#### TASK OBJECTIVE
Below are the entries; state how many of their lines contain the string "chandelier", and nothing more.

#### DATA SECTION
--------------------------------------------------
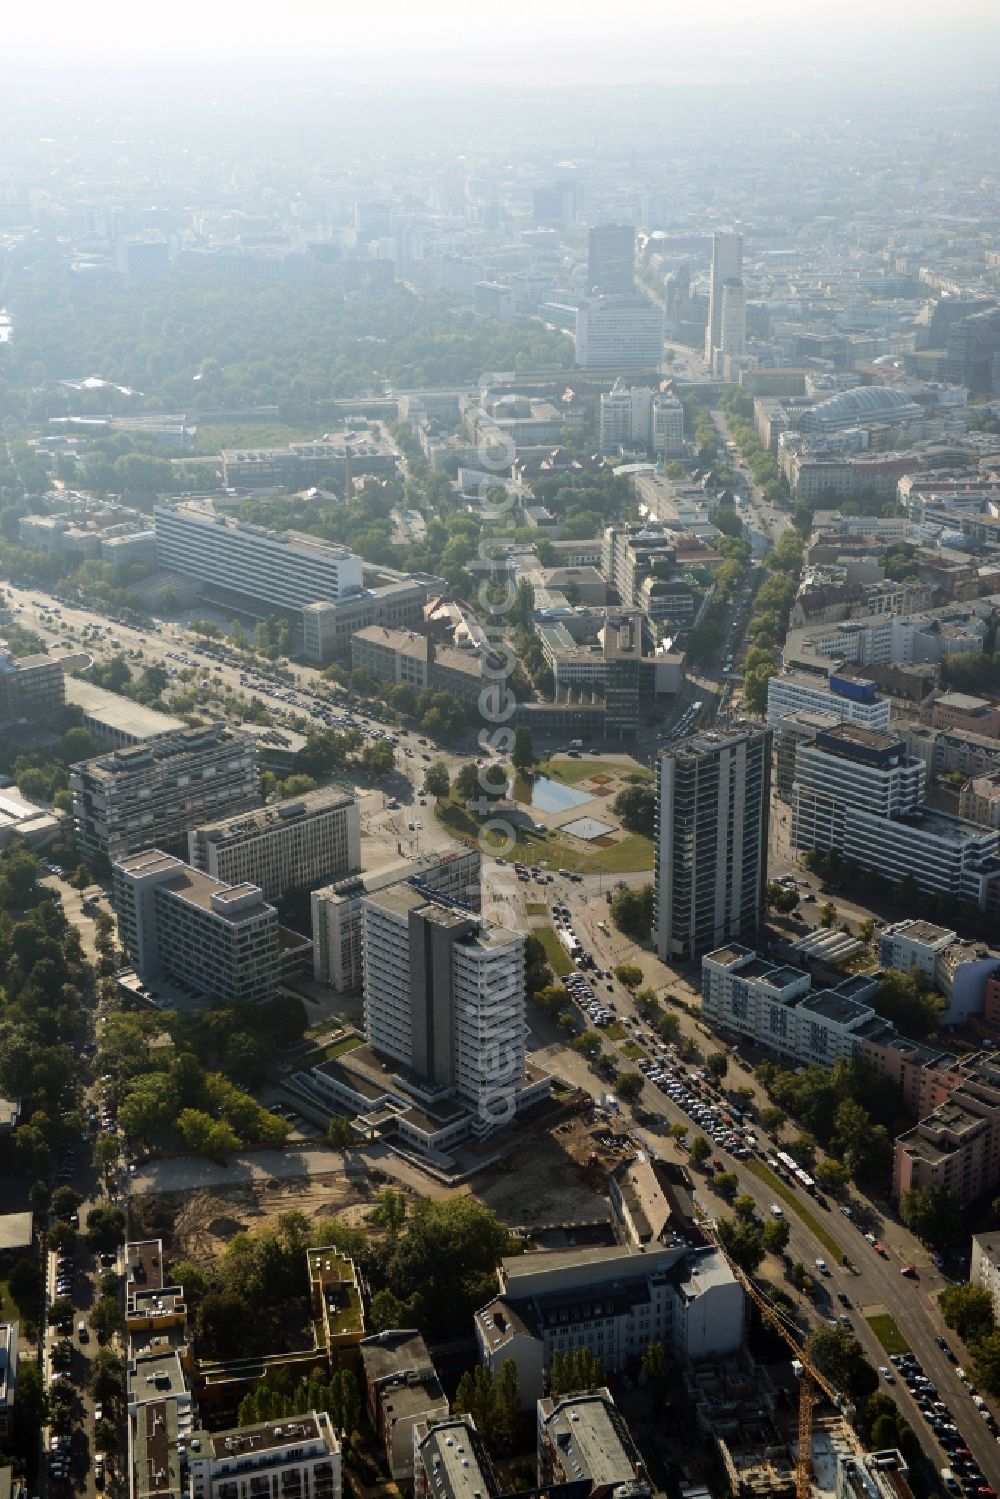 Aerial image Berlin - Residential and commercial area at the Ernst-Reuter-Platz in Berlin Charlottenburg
--------------------------------------------------
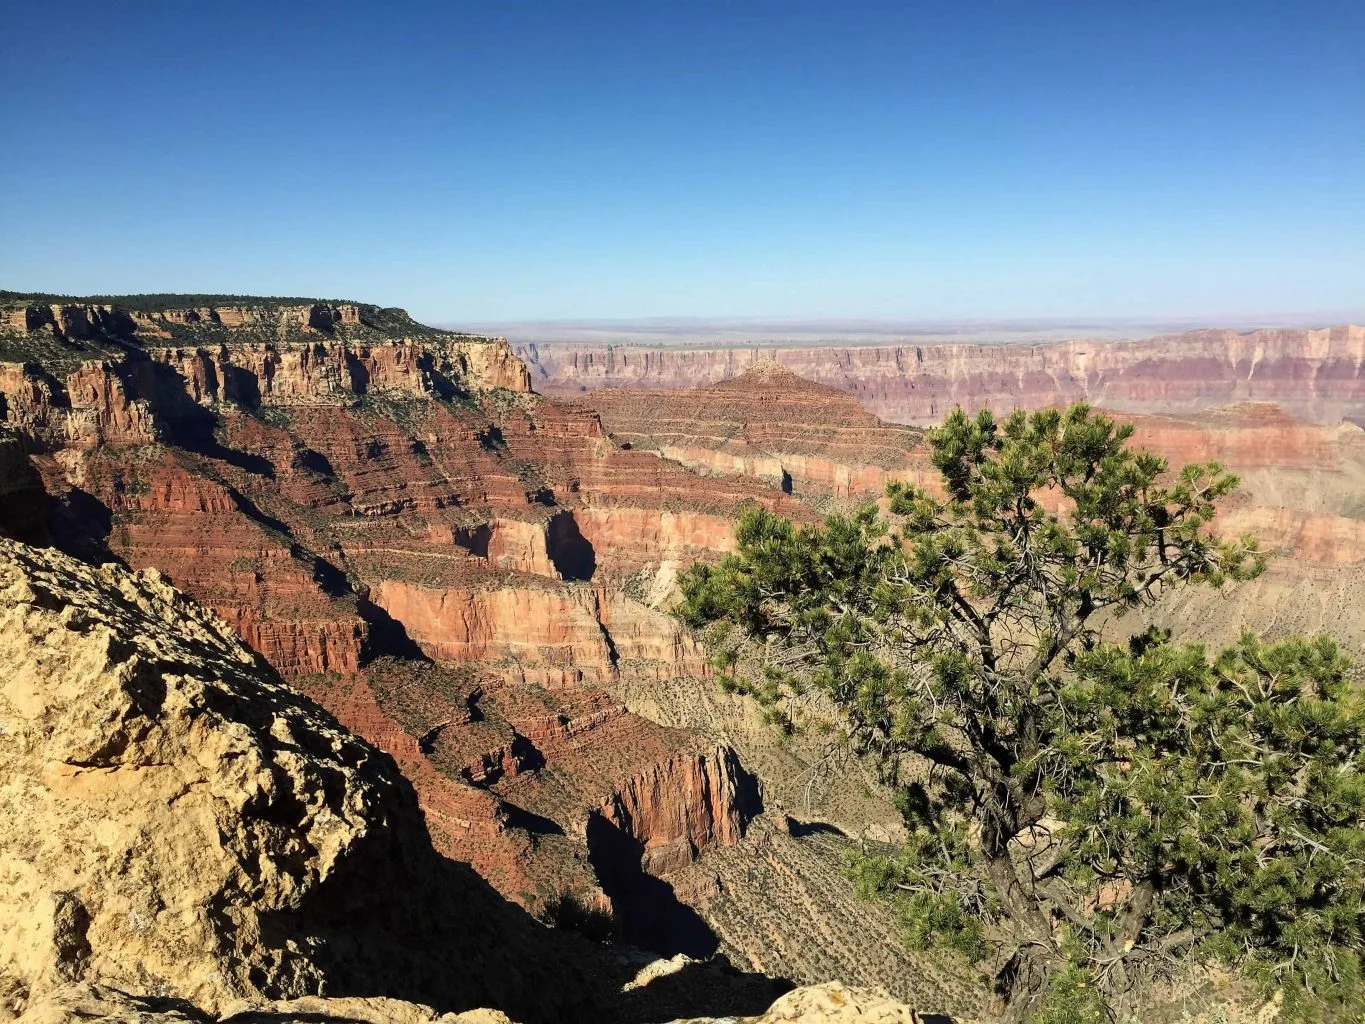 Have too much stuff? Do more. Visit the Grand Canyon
--------------------------------------------------
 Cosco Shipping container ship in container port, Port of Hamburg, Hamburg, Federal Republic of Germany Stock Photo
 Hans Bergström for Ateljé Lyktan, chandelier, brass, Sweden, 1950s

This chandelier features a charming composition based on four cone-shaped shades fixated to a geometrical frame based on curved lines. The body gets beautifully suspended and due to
--------------------------------------------------
#### RESPONSE TO THIS TASK
2